Converging Visions
9 minutes to read
We are provided with the server source code in Python:
from secret import FLAG, p, a, b
from sage.all_cmdline import *
class PRNG:
def __init__(self, p, mul1, mul2):
self.mod = p * 6089788258325039501929073418355467714844813056959443481824909430411674443639248386564763122373451773381582660411059922334086996696436657009055324008041039
self.exp = 2
self.mul1 = mul1
self.mul2 = mul2
self.inc = int.from_bytes(b'Coordinates lost in space', 'big')

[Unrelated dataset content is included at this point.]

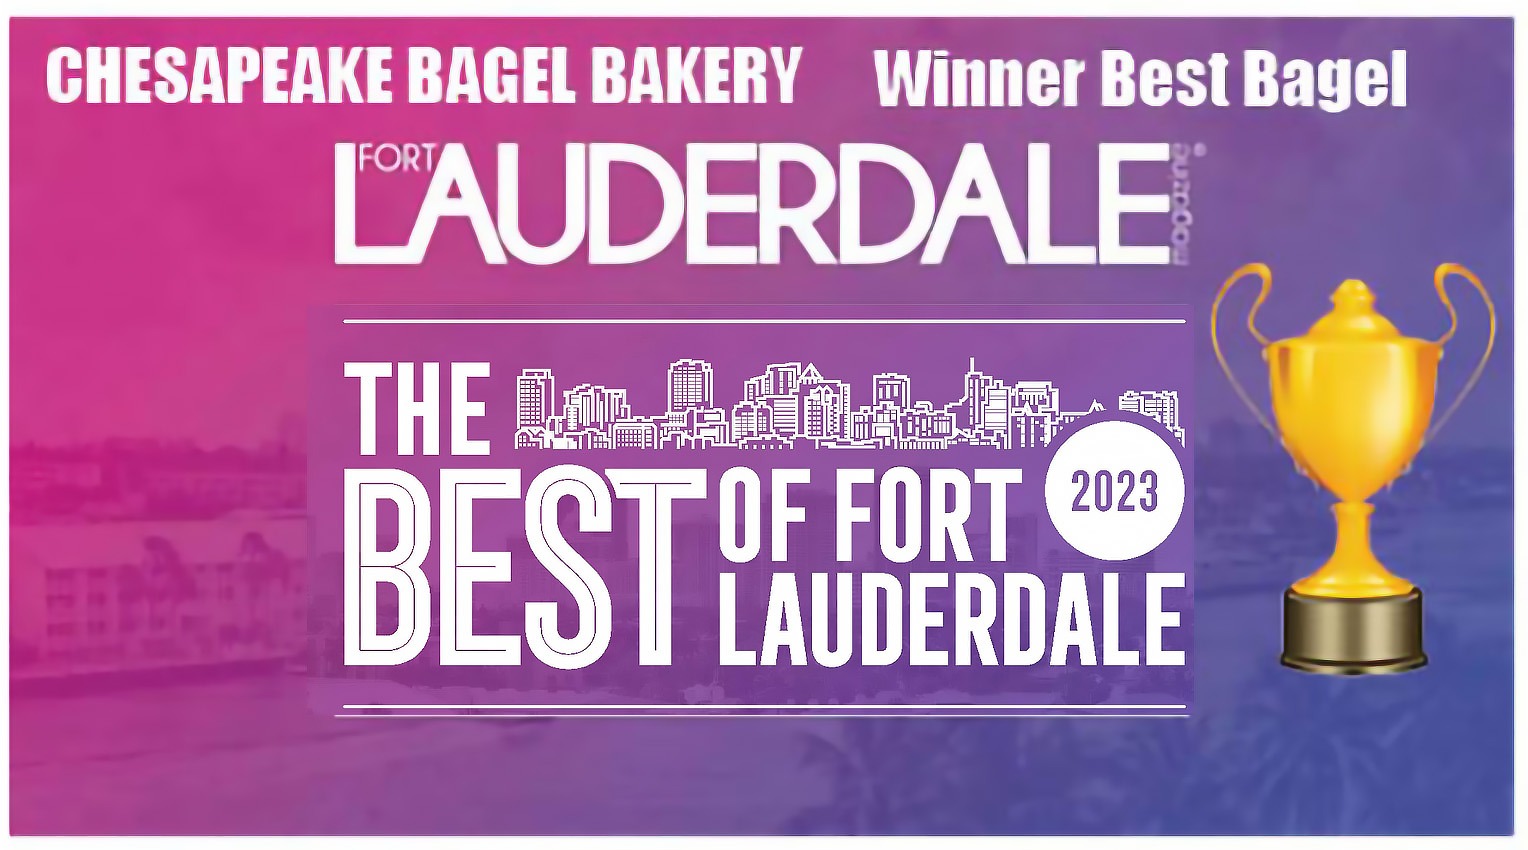 Chesapeake best bagel of Fort Lauderdale winner award in 2023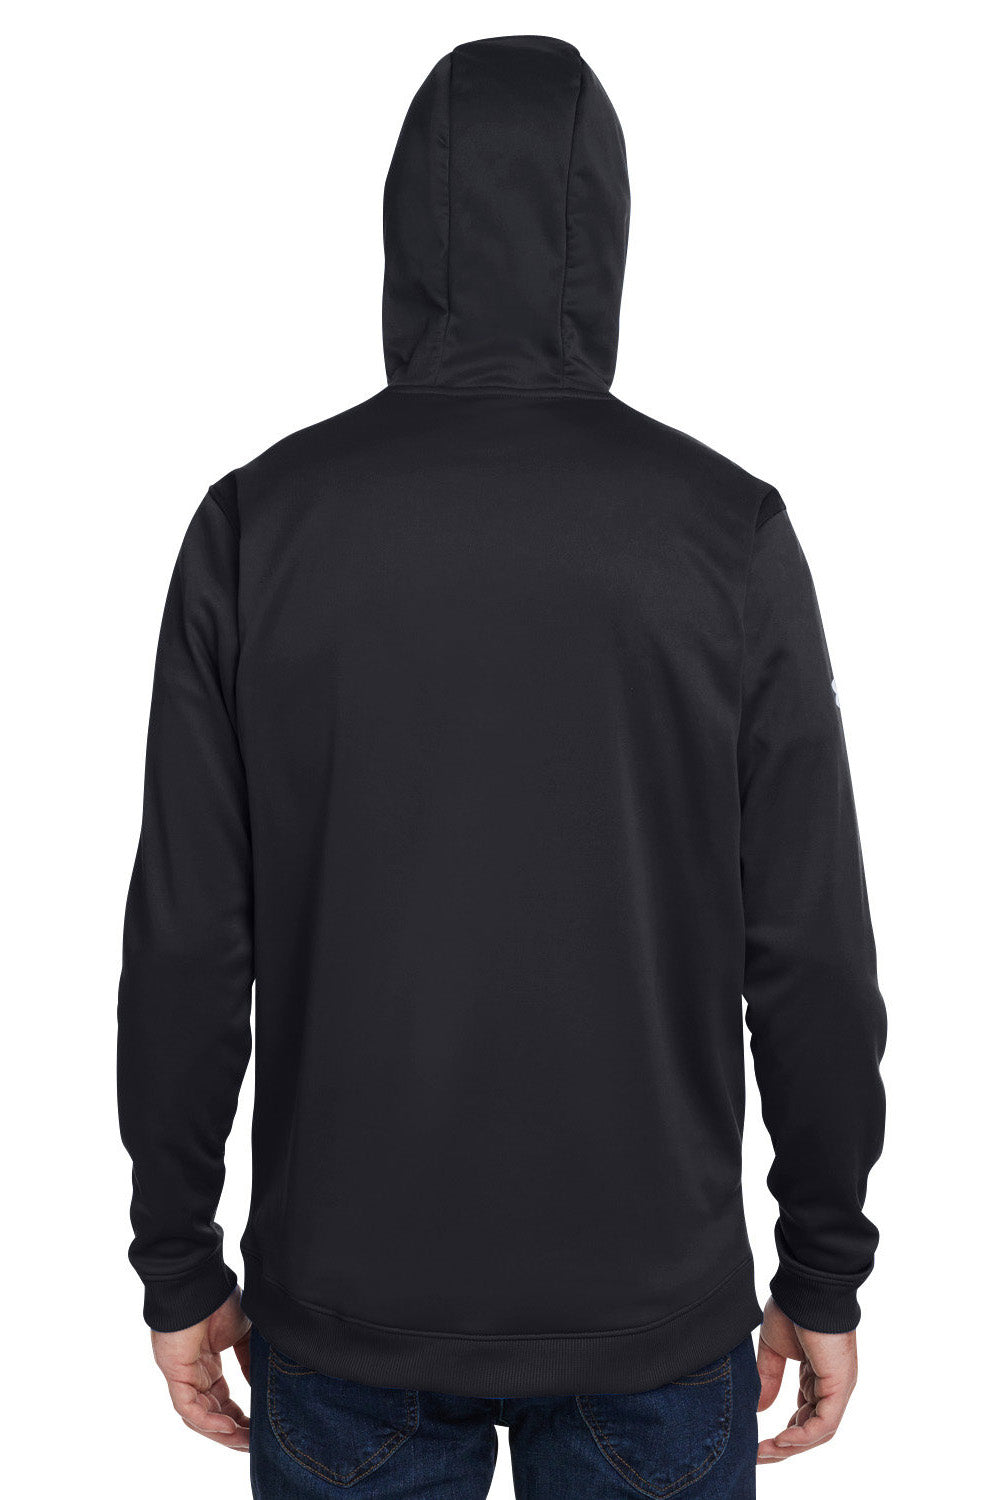 Under Armour 1370379 Mens Storm Armourfleece Water Resistant Hooded Sweatshirt Hoodie Black Model Back

self.seed = randint(2, self.mod - 1)
def rotate(self):
self.seed = (self.mul1 * pow(self.seed, 3) + self.mul2 * self.seed +
self.inc) % self.mod
return self.seed, pow(self.seed, self.exp, self.mod)
class Relic:
def __init__(self, p, a, b):
self.E = EllipticCurve(GF(p), [a, b])
self.P = None
self.EP = None
self.p = p
self.prng = PRNG(p, a, b)
def setupPoints(self, x):
if x >= self.p:
return 'Coordinate greater than curve modulus'
try:
self.P = self.E.lift_x(Integer(x))
self.EP = self.P
except:
return 'Point not on curve'
return ('Point confirmed on curve', self.P[0], self.P[1])
def nextPoints(self):
seed, enc_seed = self.prng.rotate()
self.P *= seed
self.EP *= enc_seed
return ('New Points', self.EP[0], self.EP[1], self.P[0], self.P[1])
def menu():
print('Options:\n')
print('1. Setup Point')
print('2. Receive new point')
print('3. Find true point')
option = input('> ')
return option
def main():
artifact = Relic(p, a, b)
setup = False
while True:
try:
option = menu()
if option == '1':
print('Enter x coordinate')
x = int(input('x: '))
response = artifact.setupPoints(x)
if response[0] == 'Point confirmed on curve':
setup = True
print(response)
elif option == '2':
if setup:
response = artifact.nextPoints()
print('Response')
print((response[0], response[1], response[2]))
else:
print('Configure origin point first')
elif option == '3':
if setup:
print('Input x,y')
Px = int(input('x: '))
Py = int(input('y: '))
response = artifact.nextPoints()
if response[3] == Px and response[4] == Py:
print(
'You have confirmed the location. It\'s dangerous however to go alone. Take this: ',
FLAG)
else:
print('The vessels will never be found...')
exit()
else:
print('Configure origin point first')
else:
print("Invalid option, sutting down")
exit()
except Exception as e:
response = f'An error occured: {e}'
print(response)
exit()
if __name__ == '__main__':
assert p.bit_length() == 256
main()
The server uses Elliptic Curve Cryptography (ECC) with secret parameters (p
, a
, b
). It also uses a custom pseudo-random number generator (PRNG) with the same unknown parameters and a certain formula.
ECC background
Elliptic Curve Cryptography is a public-key cryptosystem, so there is a public key and a private key.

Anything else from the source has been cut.